Lynn was in her twenties when the Second World War started, and there
she was, she owned the world, she stood on top of it, she saved it with her
remarkable voice. She remained on top of the world, in fact, when at age 92, her
collection, We’ll Meet Again: The Very
Best of Vera Lynn, became the number one ranked album in the UK.

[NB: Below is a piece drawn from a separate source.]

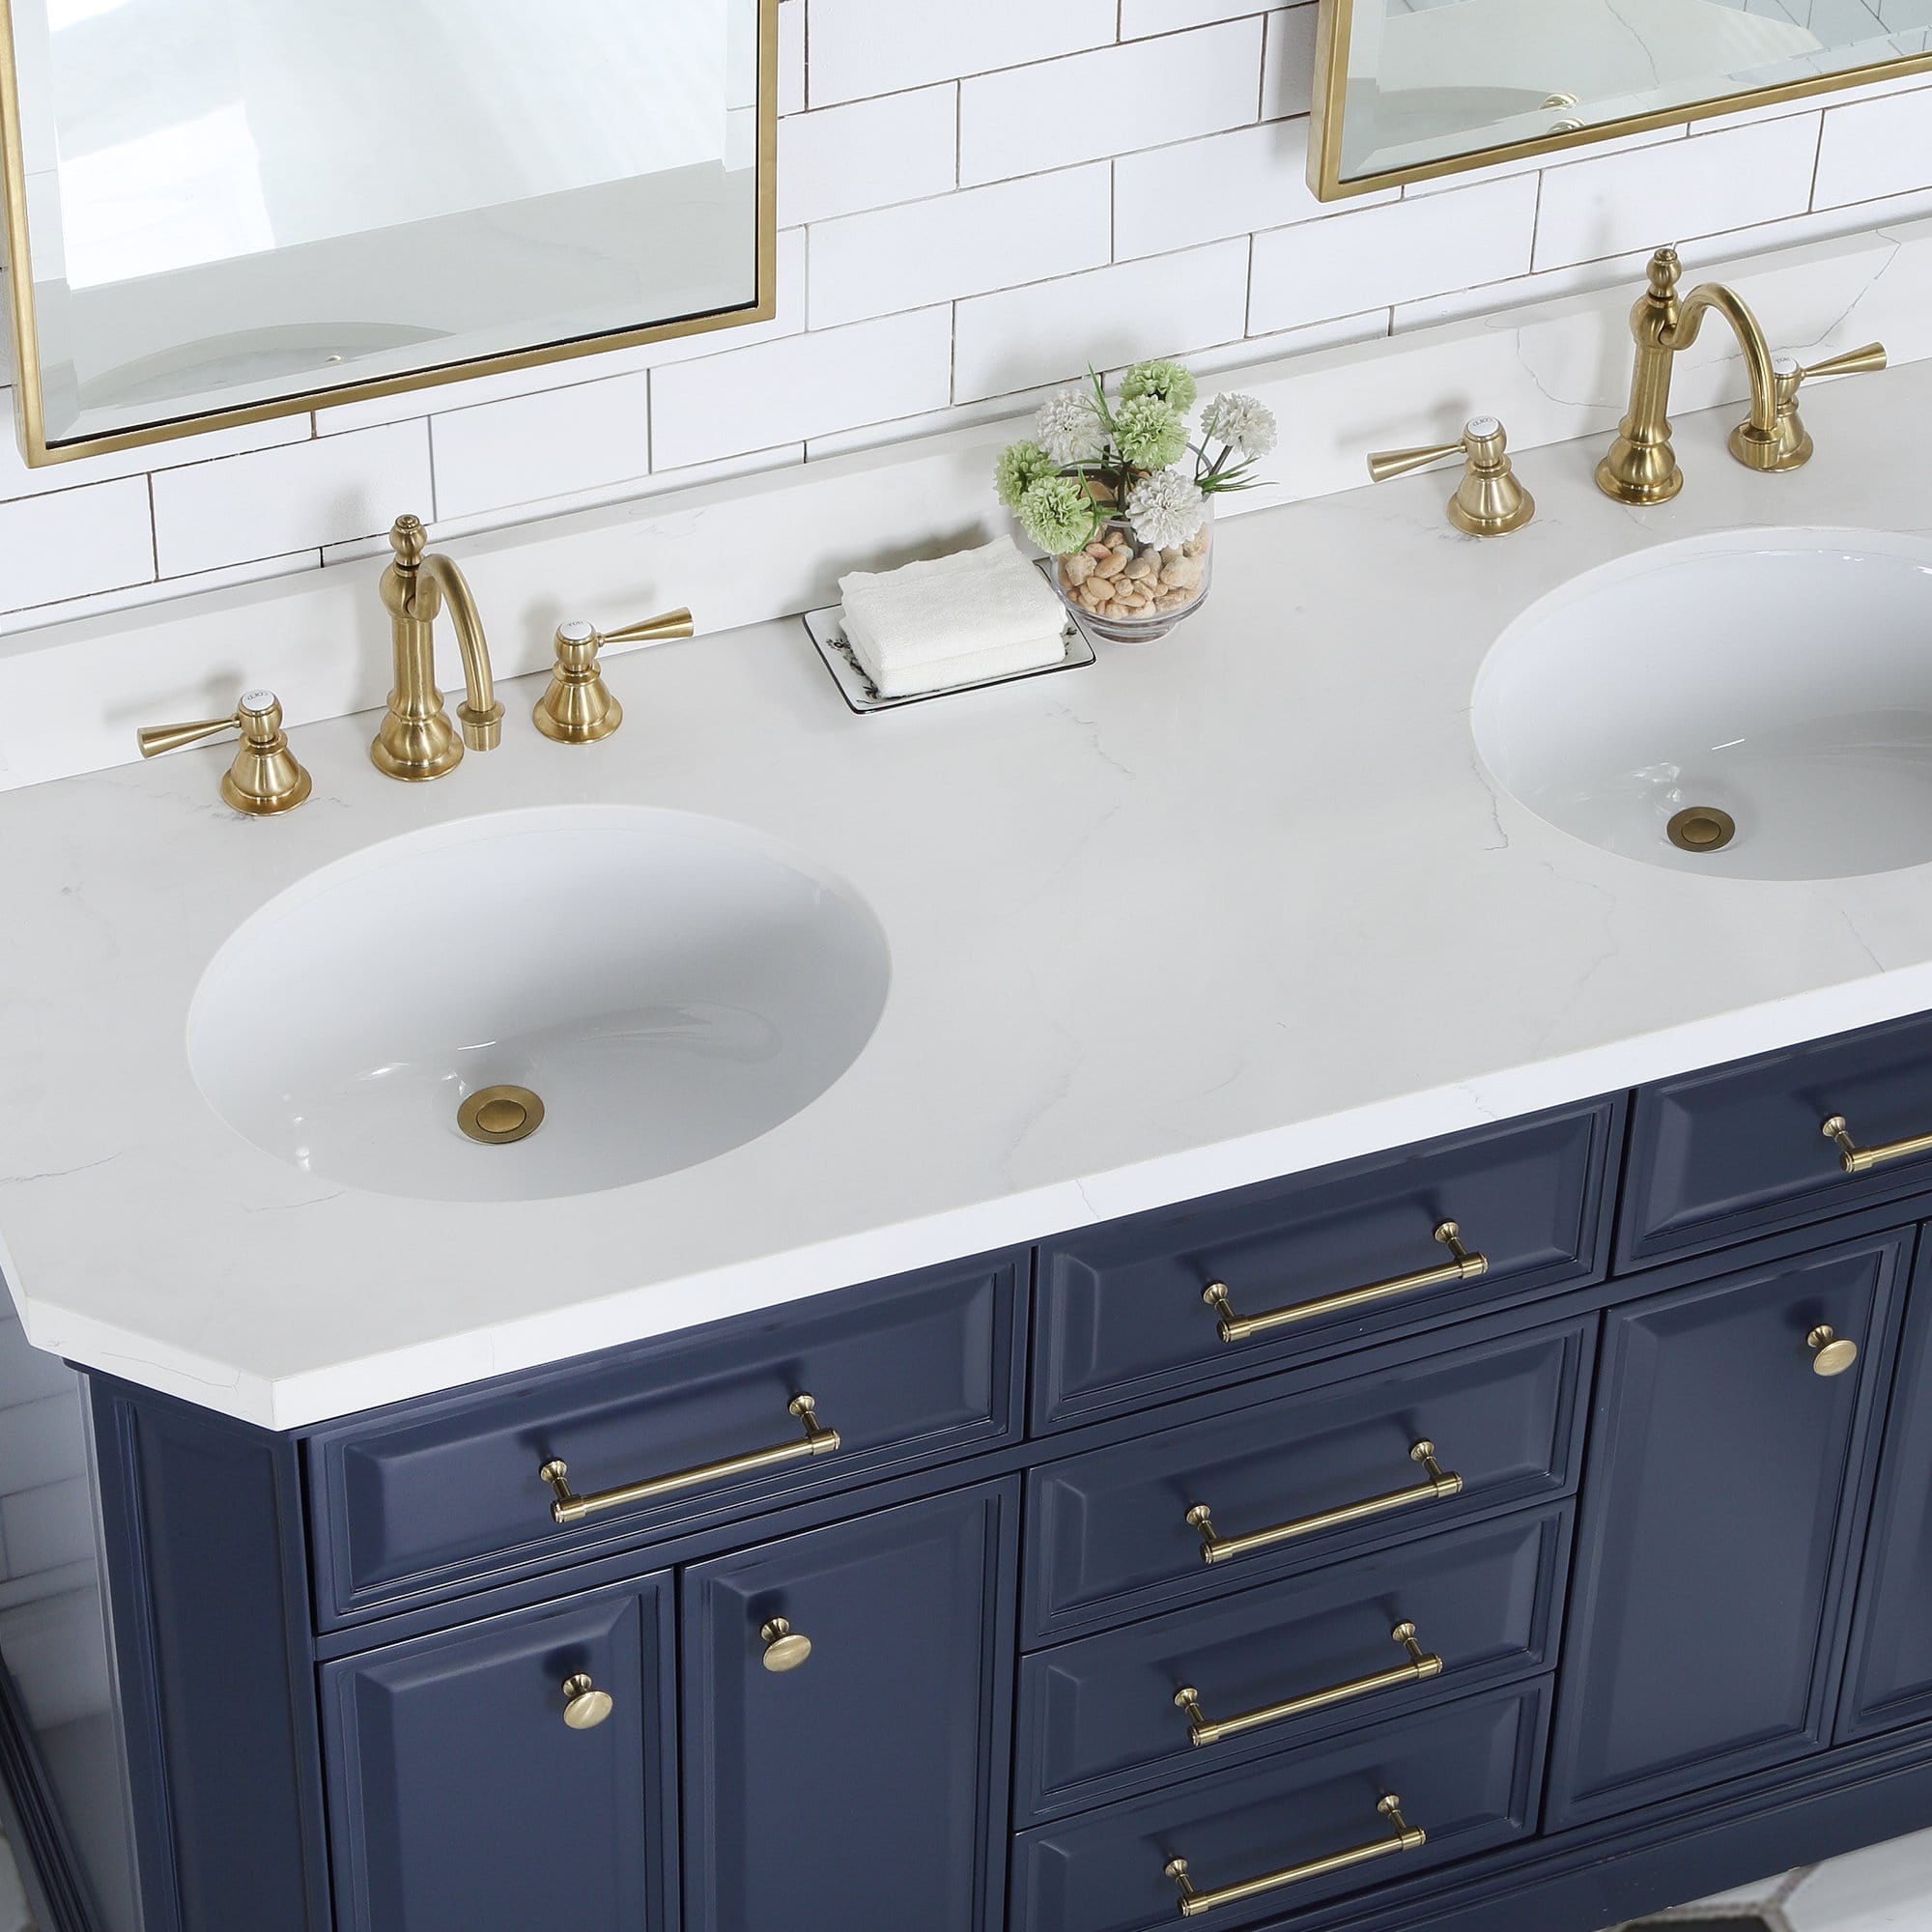 Water Creation Palace 60 In. Double Sink White Quartz Countertop Vanity in Monarch Blue and Mirrors - Molaix732030764989Bathroom vanityPA60QZ06MB-E18000000

Not that I get all teary-eyed
when I listen to the song these days, though I have on occasion wiped a tear
from my cheeks when I sing it; the thing is that as one grows older, memories
become a kind of hope to hold on to; and we hold on to them gently, lest we
squeeze them to pieces.
In our older age, we recognize the timelessness of
Hammerstein’s lyrics, the hope that lingers in us as we sing, “when” we grow
“too old,” an age that we will not reach while the kiss of one’s love lives in
our hearts.
Lynn, in her nineties, had not grown too old to dream, and certainly
neither have I in my fifties. While in our mid-twenties we might believe in
some things, in an older age, while we know we cannot own or save the world, we know
that we can dream about it, we can dream about standing on top of it, all
thanks to the memory of a kiss.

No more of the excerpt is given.